Hello,
I have read interesing article about new geometry shaders in OpenGL at http://appsrv.cse.cuhk.edu.hk/~ymxie/Geometry_Shader/
and I found two interesting ideas.
It seems that vertex shaders are just special case of geometry shaders that have input and output primitivies set to points, and can emit one primitivie per invocation.
So why we still need them, should’t they be considered in compatibility layer?
The answer may be: it is handy to set up the scene first and then generate more geometry details.
OK, then what about shading layers, where you can specify a stack of shaders that are executed in order as successive passes?
There is my conception:
geometry fragmet
shading shading
stack stack
+---+---+---+ +---+---+---+
+----------+ | | | | +---------------+ | | | | +----+
| geometry |-->| 1 | 2 |...|-->| rasterization |-->| 1 | 2 |...|-->...-->| FB |
+----------+ | | | | +---------------+ | | | | +----+
+---+---+---+ +---+---+---+
\_____ _____/ \_____ _____/
V V
GL_MAX_GEOMETRY_SHADING_LAYERS GL_MAX_FRAGMENT_SHADING_LAYERS
A driver can handle GL_MAX_GEOMETRY_SHADING_LAYERS and GL_MAX_FRAGMENT_SHADING_LAYERS per stack. glUseProgramObject() must be extednded to support layers, and every program object must be attached to one layer (similar to FBO color attachments).

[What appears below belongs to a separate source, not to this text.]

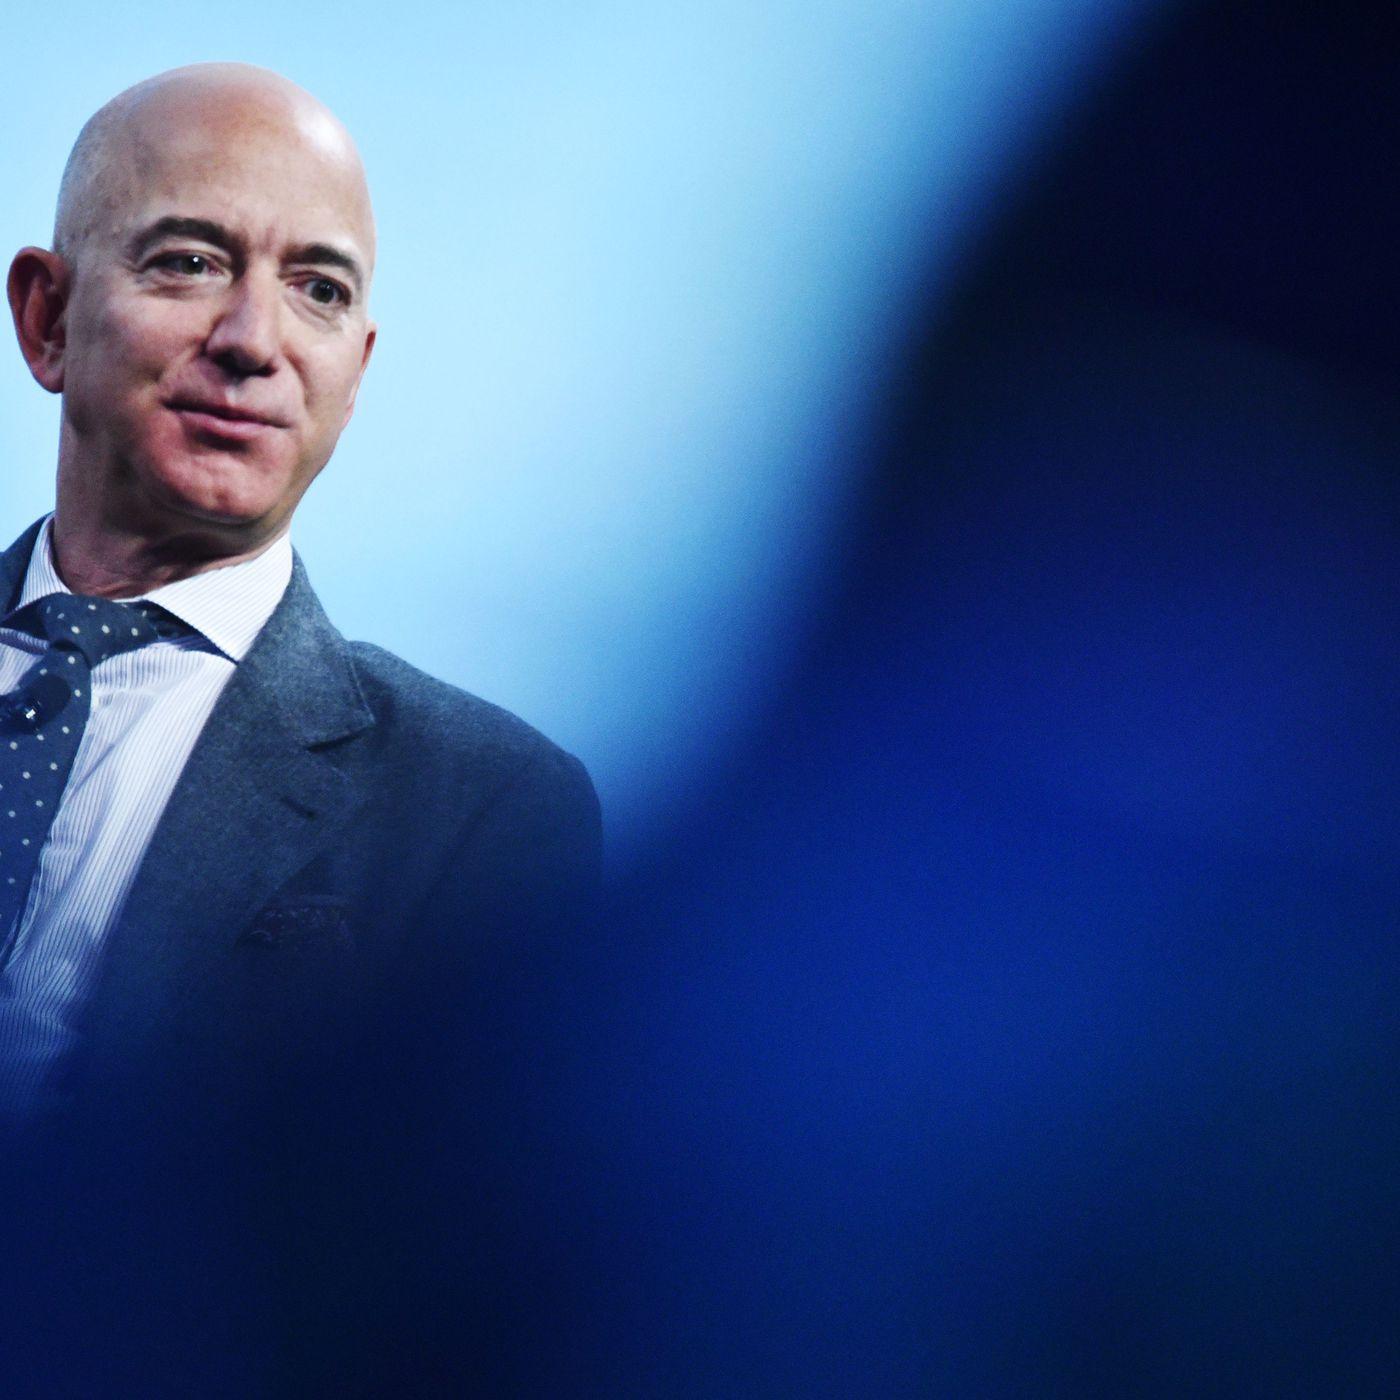 Jeff Bezos Donates 10 Billion To Fight Climate Change Vox
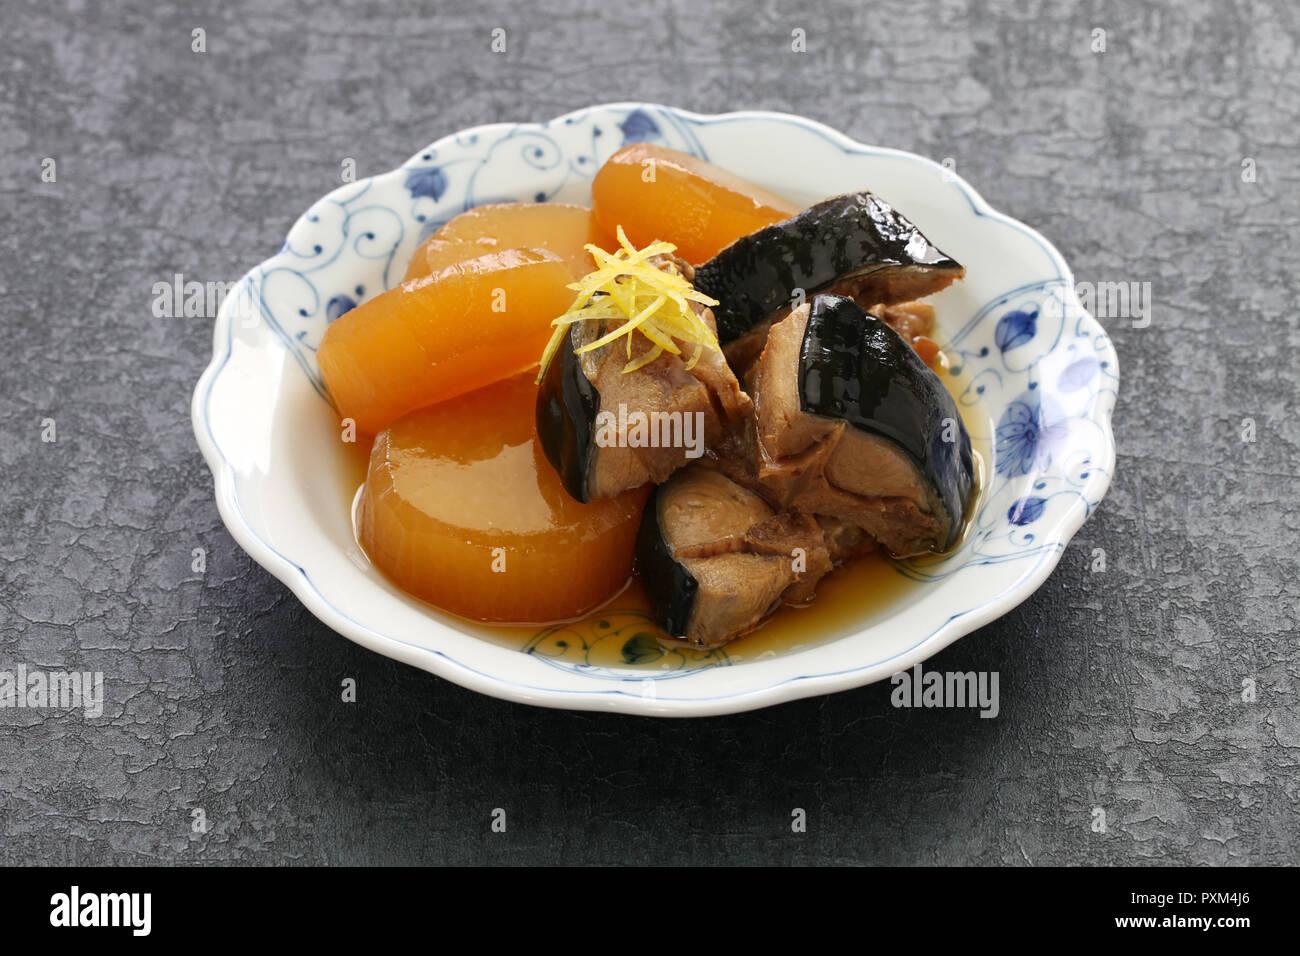 Buri Daikon, Simmered yellowtail fish with japanese radish, popular Japanese dish in the winter. - Stock Image

If a layer has no attached program it will be ommited during execution. If there is no attached program to any layer OpenGL pipeline will use fixed functionality.
Program objects cannot mix geometry and fragment shaders (restriction), because every layer in stack operates on the same type of data (geometry primitivies or fragments) and must procuce it for next layer, thus it is handy to implement shader stacks as objects (see below).
Execution of programs in stack must be performed in order form first to last. Each program in lower layer must be executed completely before higher layer may be computed. So there need to be at least two buffers (input and output) for temporary computations between programs. The result of last executed program in stack is used in successive operations of OpenGL pipeline.
Stacks of shaders could be also implemented as objects, so instead of binding shader programs to fixed stacks by glUseProgramObject() we may create a stack object, attach programs to it, and use by glUseGeometryStack(stack_handler) and glUseFragmentStack(stack_handler) like we use glUseProgramObject() today (stack_handler==0 means fixed functionality).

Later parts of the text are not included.